What this task involves: Could you retype every line below exactly, omitting the images?

Information supplied:
------------
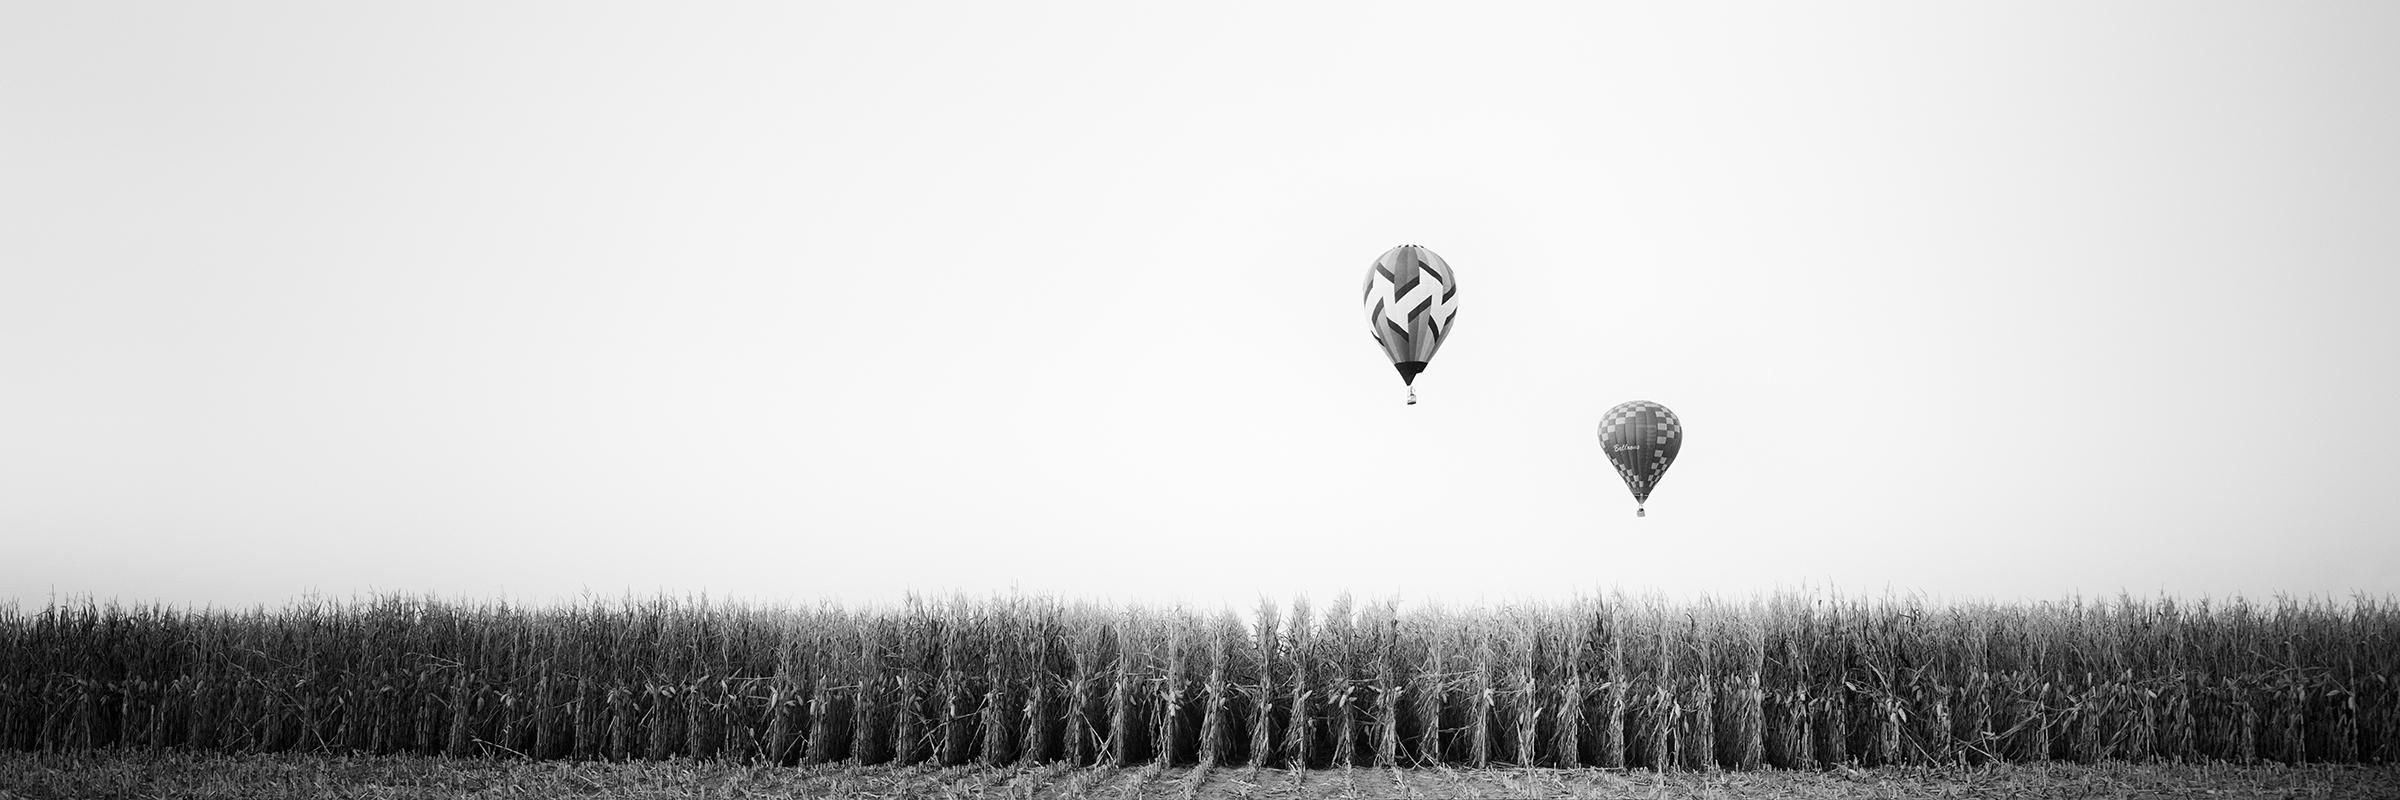 Gerald Berghammer Landscape Photograph – Hot Air Ballon Panorama, Cornfield, Schwarz-Weiß, Kunstlandschaft, Fotografie
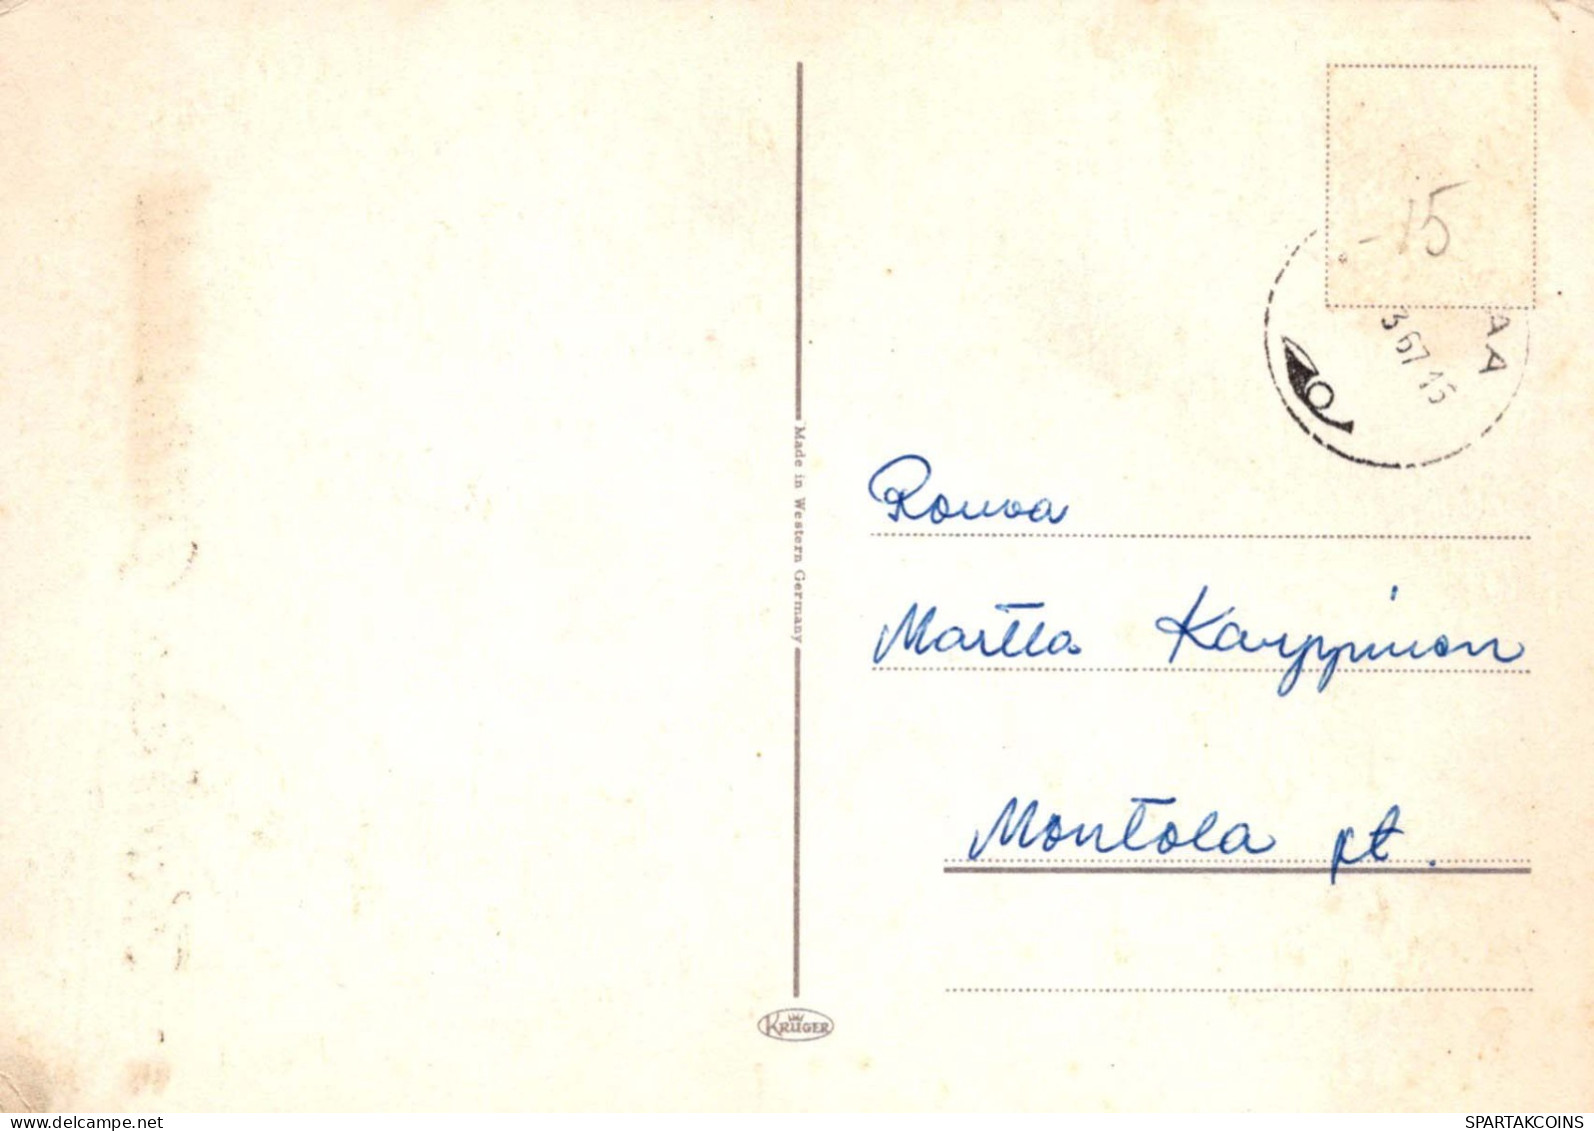 OSTERN HUHN EI Vintage Ansichtskarte Postkarte CPSM #PBP049.DE - Easter
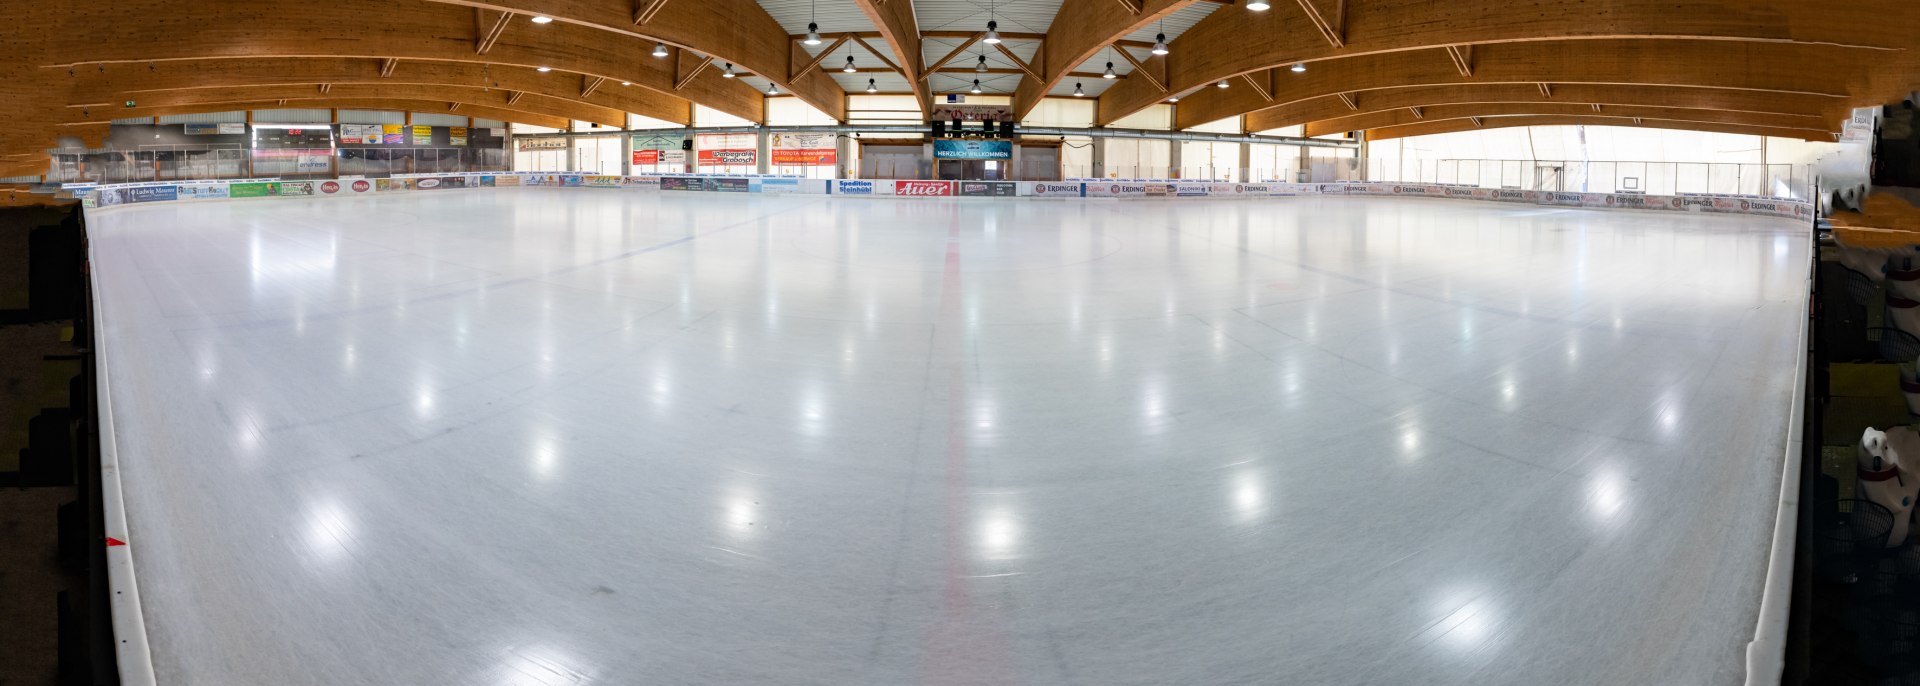 Die große Kusteisfläche im Eisstadion Mittenwald, © Arena Mittenwald GmbH
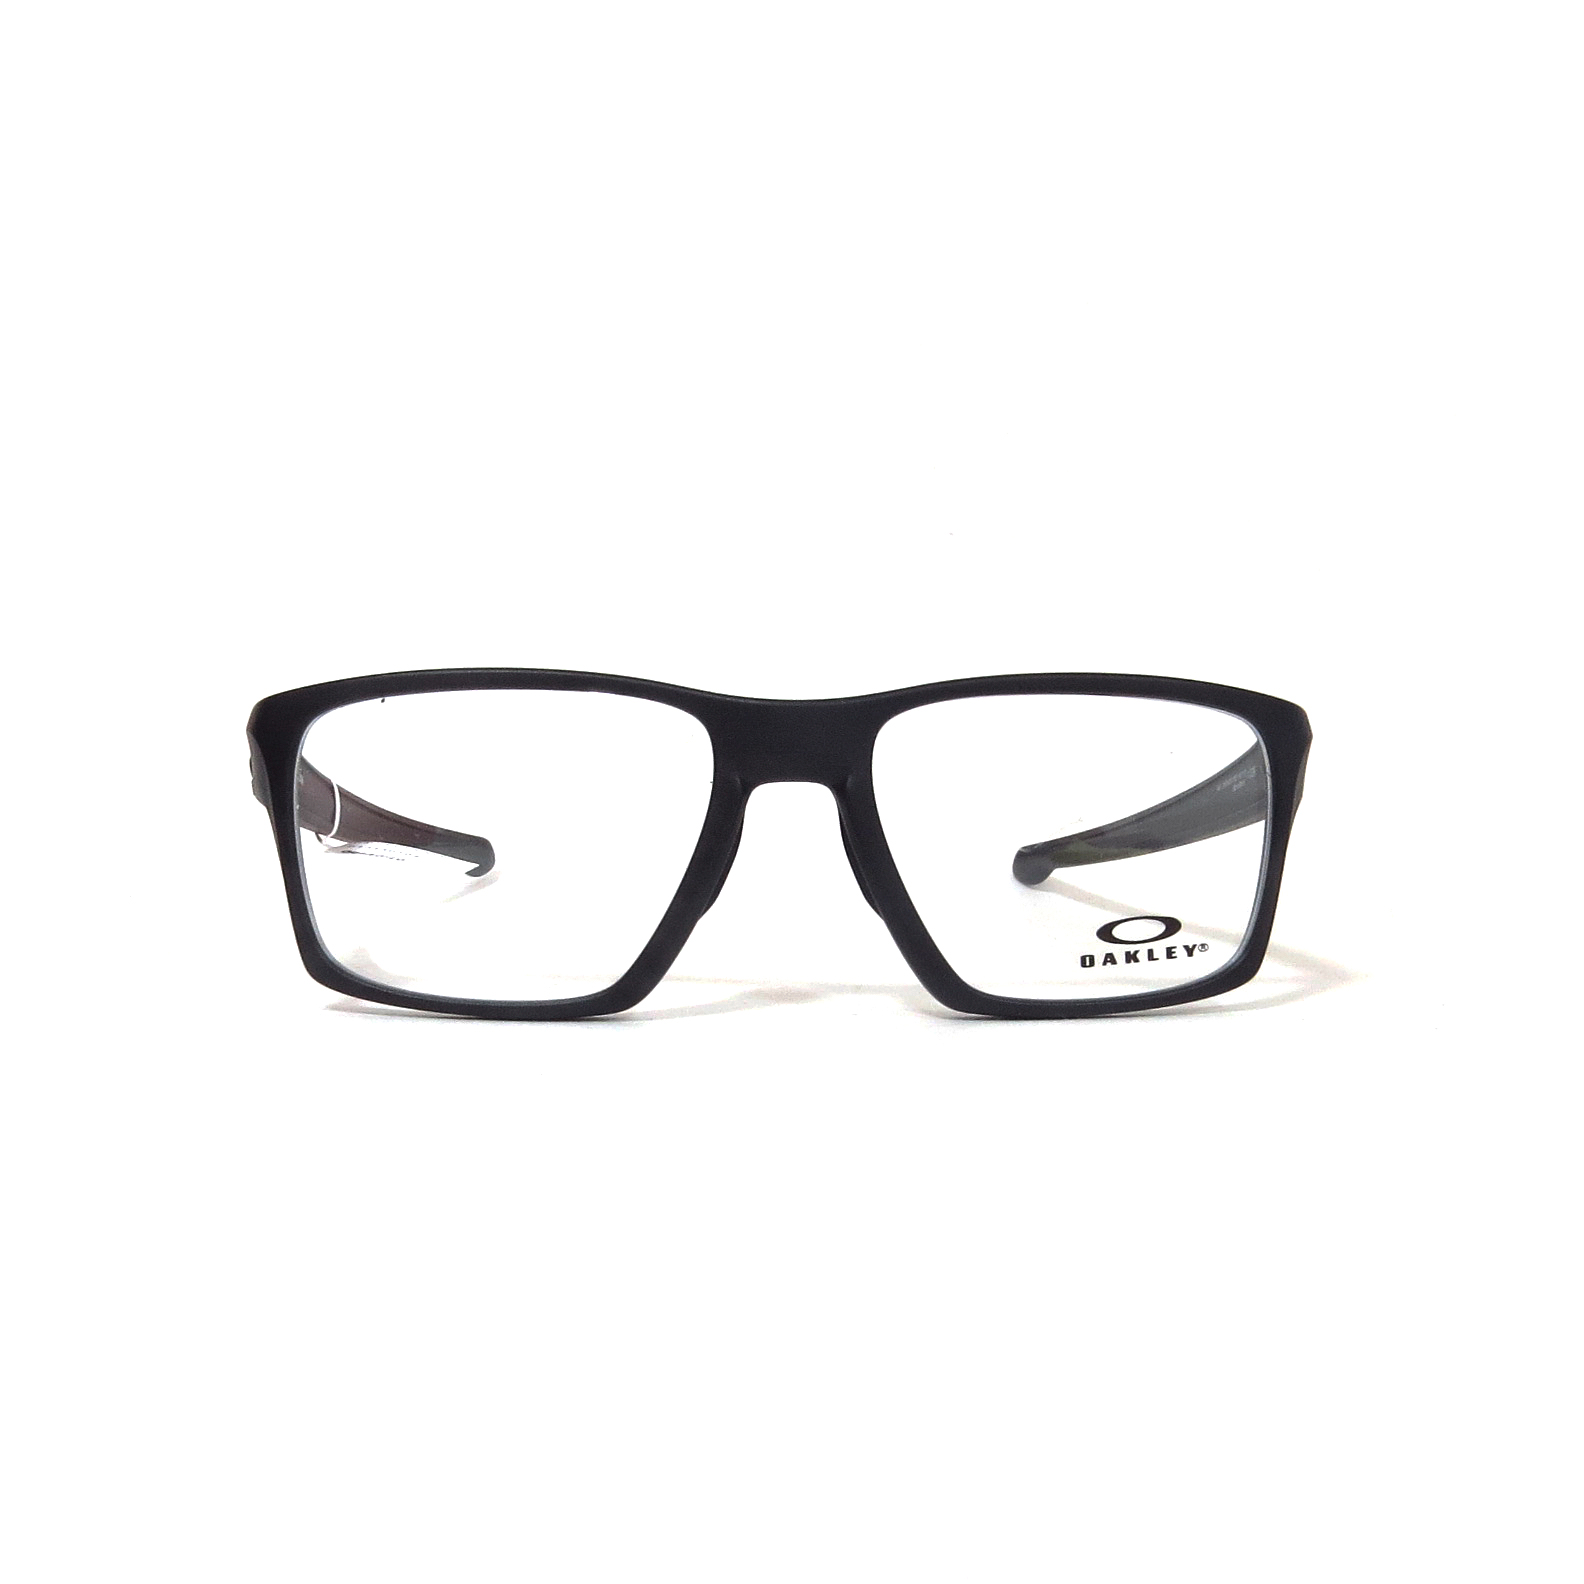 las gafas | OAKLEY - 8140 - Óptica las gafas
------------
Task response:
 Gerald Berghammer Landscape Photograph – Hot Air Ballon Panorama, Cornfield, Schwarz-Weiß, Kunstlandschaft, Fotografie
 OSTERN HUHN EI Vintage Ansichtskarte Postkarte CPSM #PBP049.DE - Easter
 Die große Kusteisfläche im Eisstadion Mittenwald, © Arena Mittenwald GmbH
 las gafas | OAKLEY - 8140 - Óptica las gafas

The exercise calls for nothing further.